第10回 開発批判、新たな開発論と開発援助の見直し
1990年代には開発の時代である20世紀後半の終わり、世紀末に近づき、NGOや市民運動などから開発(援助機関)批判、債務帳消し要求、参加やエンパワーメントの重視などの議論が高まった。これに対して、主流派においても貧困削減や社会開発の重視、人間中心の開発(人間開発、人間の安全保障、人権重視の開発)、参加型開発など新しい開発論が提起された。Jubilee 2000などによる債務帳消し要求の国際的運動、世界銀行、IMFという国際金融機関の廃止要求あるいは改組要求などの運動が起きた。1990年代には開発(援助機関)批判、NGO・市民運動などからの要求に対応して、主流派の開発路線が変化していった。経済改革と経済自由化により経済成長をめざす路線から社会政策と社会開発を重視して教育、保健医療などの人間への投資を行う貧困削減戦略へ移行した。
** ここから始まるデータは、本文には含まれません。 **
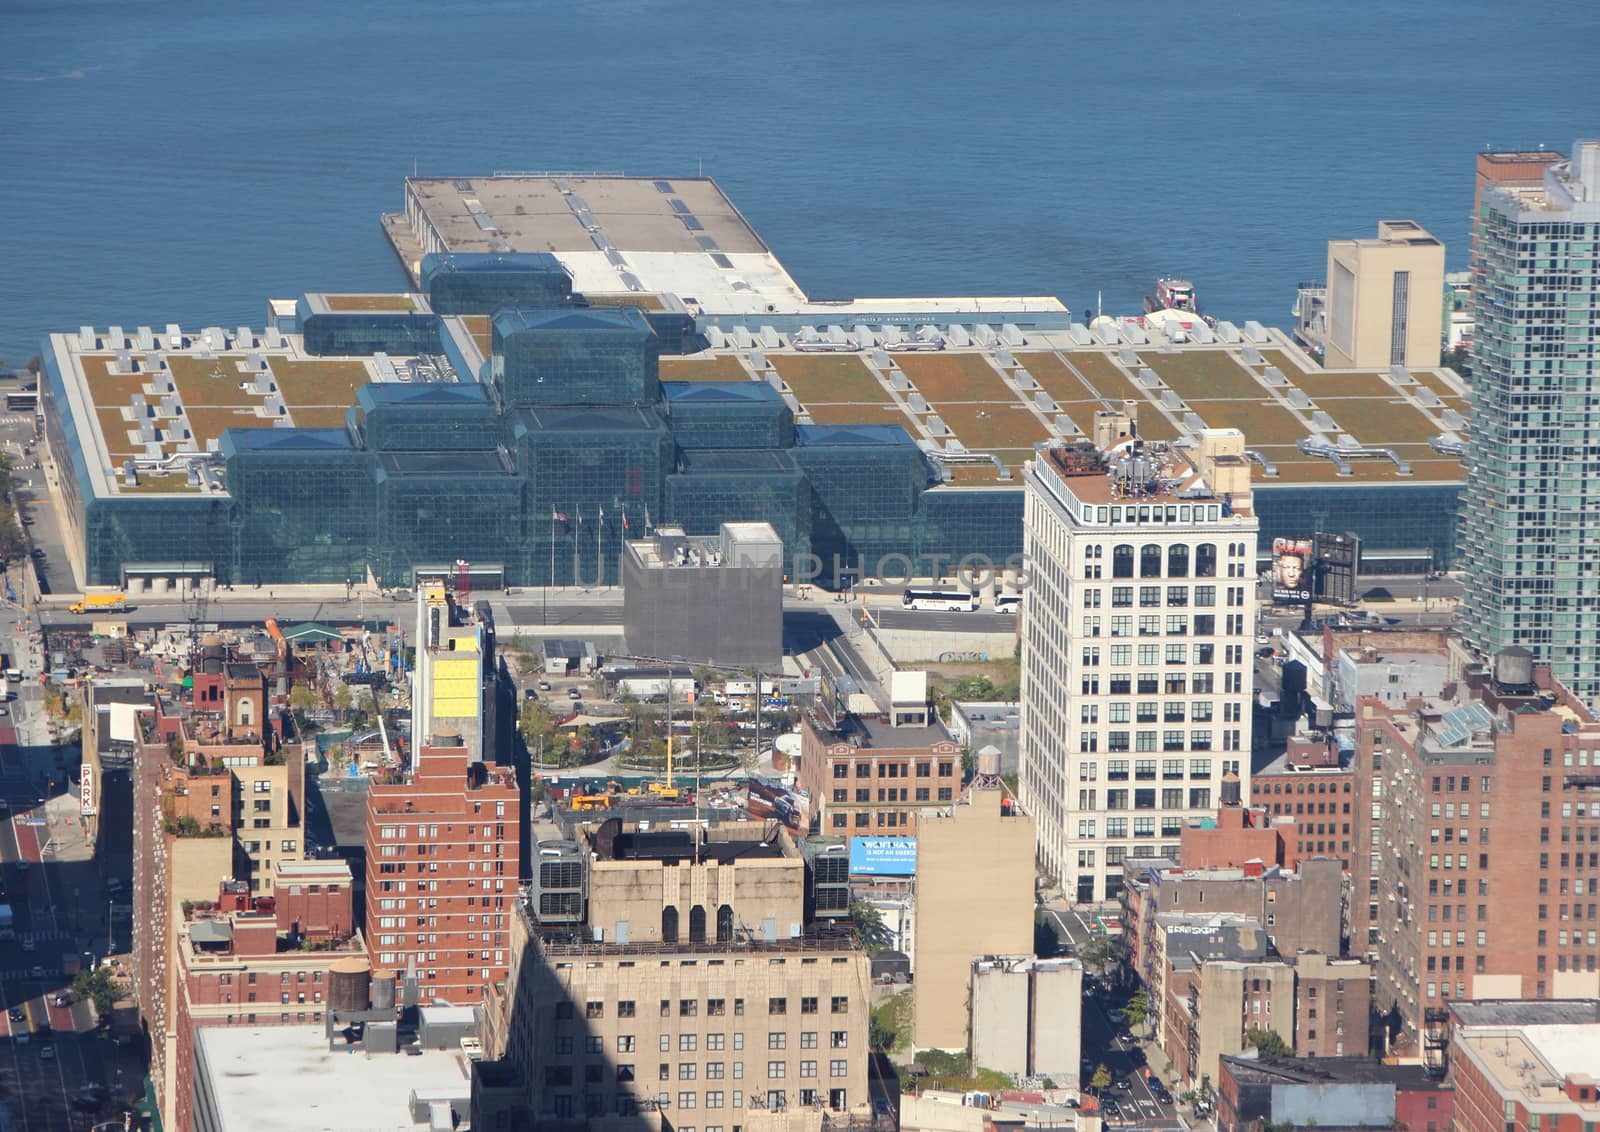 Javits Conference Center New York in Aerial Perspective by HoleInTheBox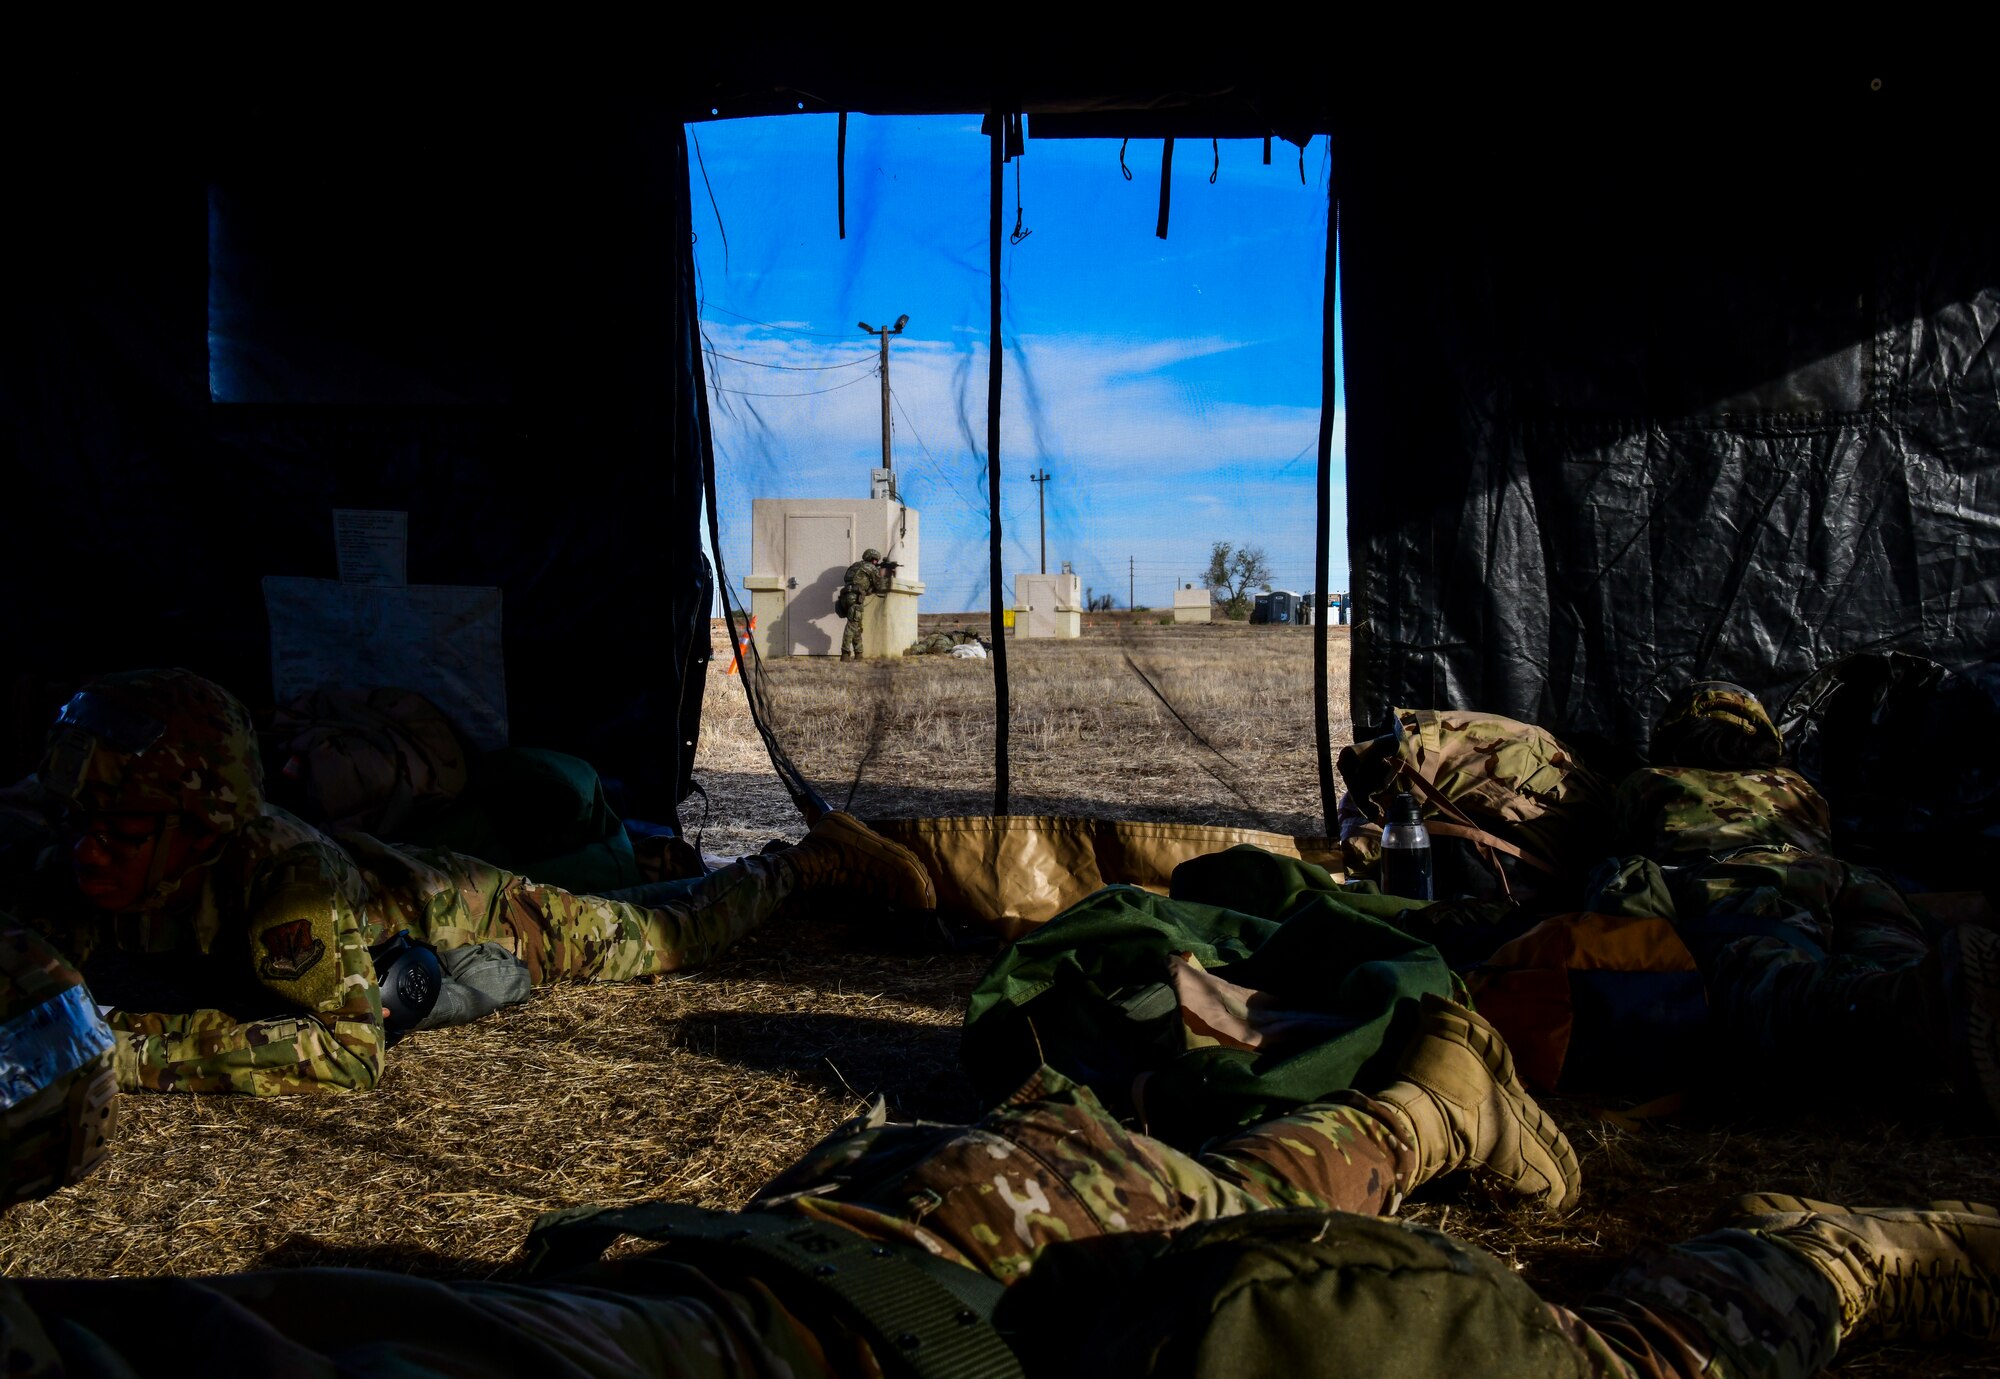 Airmen from the 9th Force Support Squadron take cover while 9th Security Forces Airmen work together to defend the area

第11回 2000年代 コンディショナリティからパートナーシップによる貧困削減へ: PRSPとMDGs 貧困削減戦略書(PRSP)は、アフリカ諸国などの重債務貧困国に債務救済を認める条件として策定される貧困削減の計画で、世界銀行・IMFが承認する。つまり重債務貧困国(HIPCs)に対する債務救済と連動した貧困削減計画である。世界銀行・IMFが承認するという形式になっているところに、構造調整時代のコンディショナリティ政治の影響を見いだすが、同時にPRSPは外から条件をつけてアフリカ諸国を変えていこうとするのではなく、オーナーシップとパートナーシップを柱として、被援助国政府の自主性を尊重し、ドナーと被援助国は対等なパートナーの関係にあるとされる。被援助国政府は、オーナーシップを持つが、国内の利害関係者(stakeholder)の参加を得て貧困削減戦略を策定、実施する。これもパートナーシップとされ、
貧困削減戦略書は、パートナーシップという仕組みでガバナンスと参加型開発を取り入れた形になっている。
第12回 2000年代後半以降の条件変化、アフリカの経済成長と道半ばの貧困削減
 2005年頃までにMDGsと対アフリカ援助の枠組みがほぼ出揃った。しかしこの頃にアフリカを取り巻く経済的条件は大きく変化し、アフリカの開発と援助の環境も大きく変化した。

【テキスト・文献】

テキストは用いない。参考文献は講義中に示すが、主な参考文献を挙げておく。佐藤仁(2016)『野蛮から生存の開発論:越境する援助のデザイン』ミネルヴァ書房 元田結花 (2007) 『知的実践としての開発援助ーアジェンダの興亡を越えて』東京大学出版会。佐藤誠「民主化とガバナンスのジレンマールワンダ愛国戦線政府の評価をめぐってー」『立命館国際研究』26-4、2014年3月。